CA[MU]
‘Ik vind je columns heel leuk,’ vertrouwde iemand me laatst toe, ‘maar ze zijn wel vaak te lang.’ Interessant! Kennelijk heeft een goede column een bepaalde lengte. Een teveel aan woorden, daar ben ik het wel mee eens, is voor een column niet goed, dan gaat het op een artikel lijken, op een kort essay of verhaal, en die genres lees je op andere momenten, op andere plaatsen, om andere redenen. Een column wordt geacht kortstondig afleiding te bieden, met een mening die stellig is, maar makkelijk consumeerbaar door de frivole en polemische toon.
Er zijn de nodige voorbeelden te vinden van columnisten die de lezers jarenlang aan hun voeten kregen met zeer korte columns, switchten naar langere columns, eigenlijk meer zendtijd kregen… om vervolgens geen lezers te winnen maar te verliezen.
Toch lijkt een goede column qua lengte ook een ondergrens te hebben.

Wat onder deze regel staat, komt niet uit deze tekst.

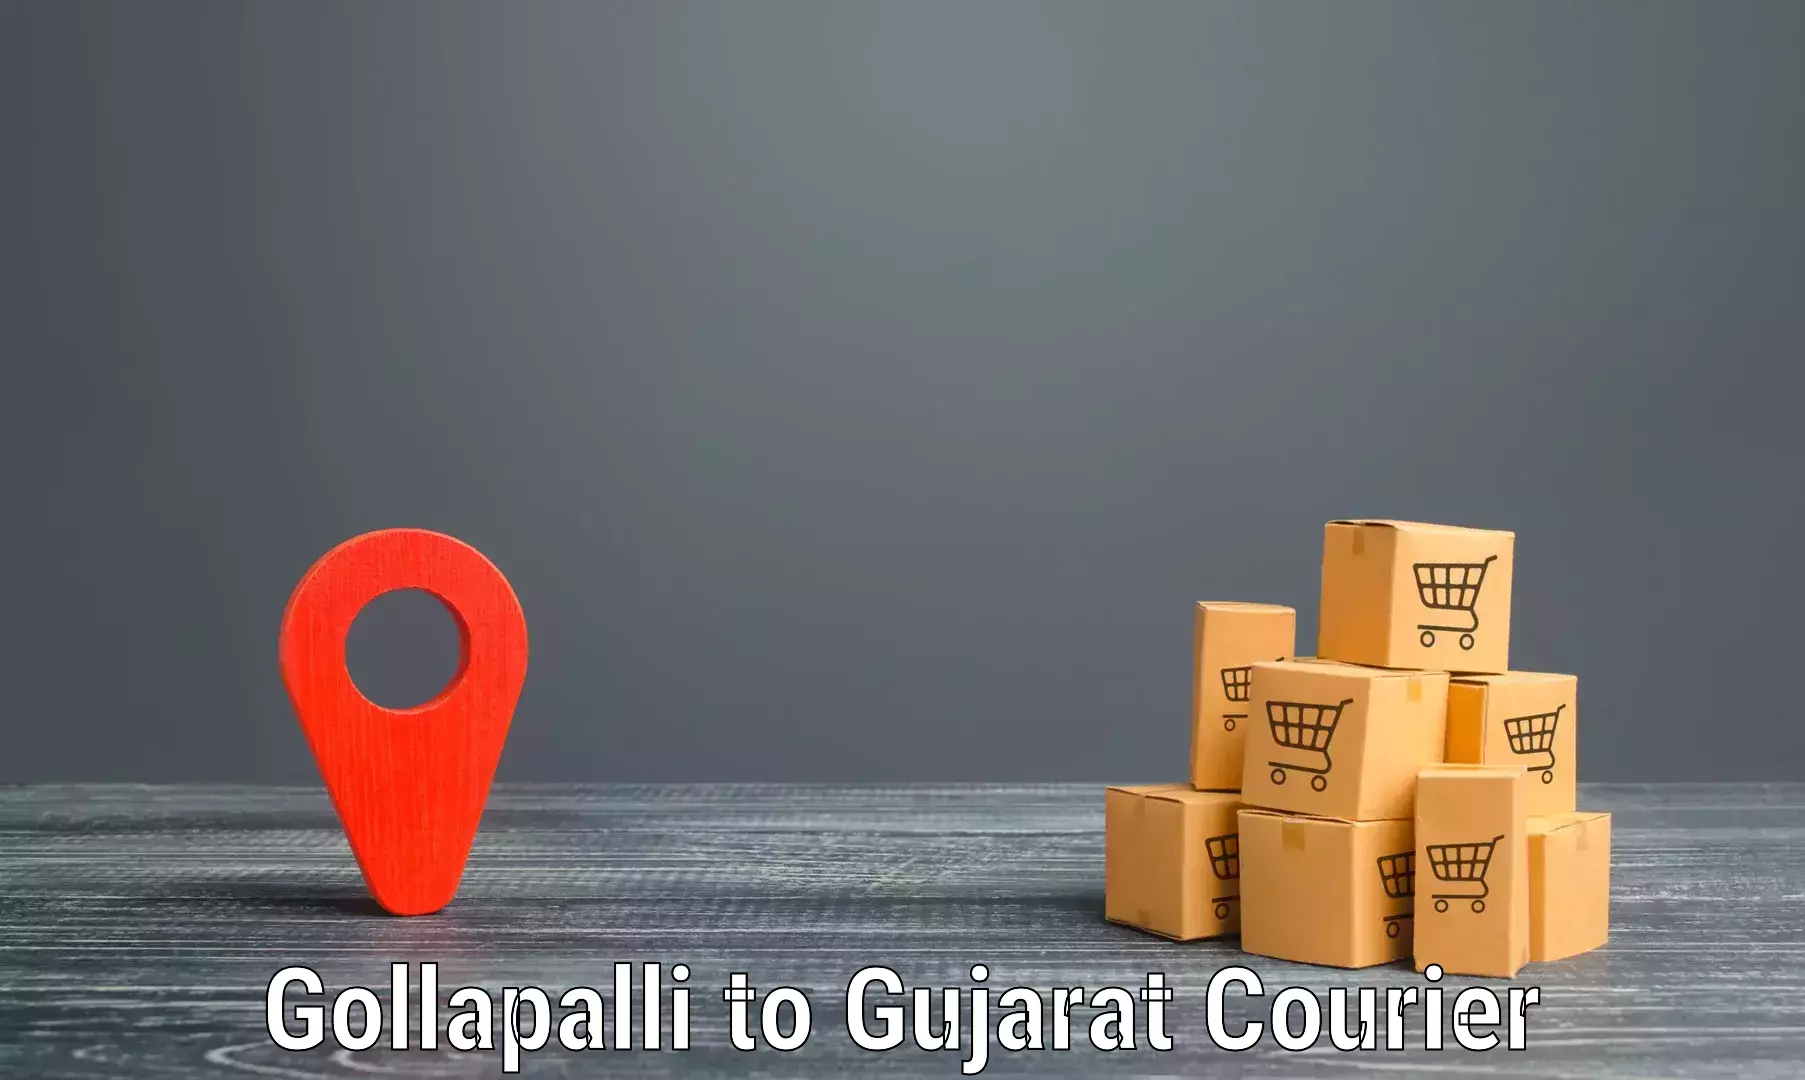 Express delivery network Gollapalli to Morbi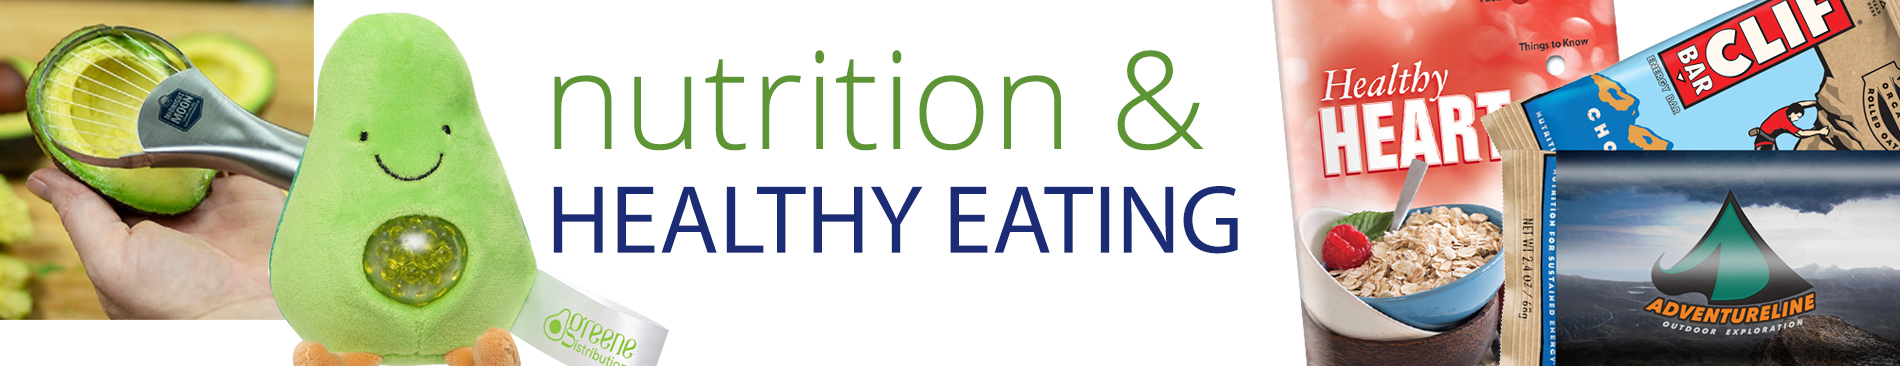 healthy eating and nutrition

Allemaal wel even leuk en knap, die miniatuurtjes van enkele alinea’s, maar ze verworden al snel tot agendawijsheden, dagboeknotities, of huiskamergefilosofeer.
(Hier zou ik bijvoorbeeld deze column heel wijsgerig kunnen eindigen. Dan kunt u snel weer aan het werk.)
Hoeveel woorden telt de ideale column, weet iemand dat? Gek eigenlijk dat er in Nederland, land van columnisten bij uitstek, wel een leerstoel bestaat voor popmuziek, maar niet voor columnkunde.
Maar er gloort licht aan de horizon. In een reactie op de hem volkomen terecht toegekende Gouden Ganzenveer (een prijs ooit bedacht door uitgevers, sprak de uitgever trots) kondigde Remco Campert aan, in zijn feestrede bij de uitreiking stil te willen staan bij de columnistiek – een der genres waarin hij al decennialang uitblinkt.
In afwachting van zijn gezichtspunten, feliciteer ik de meester en rond ik deze column snel af, bang uw aandacht te verliezen.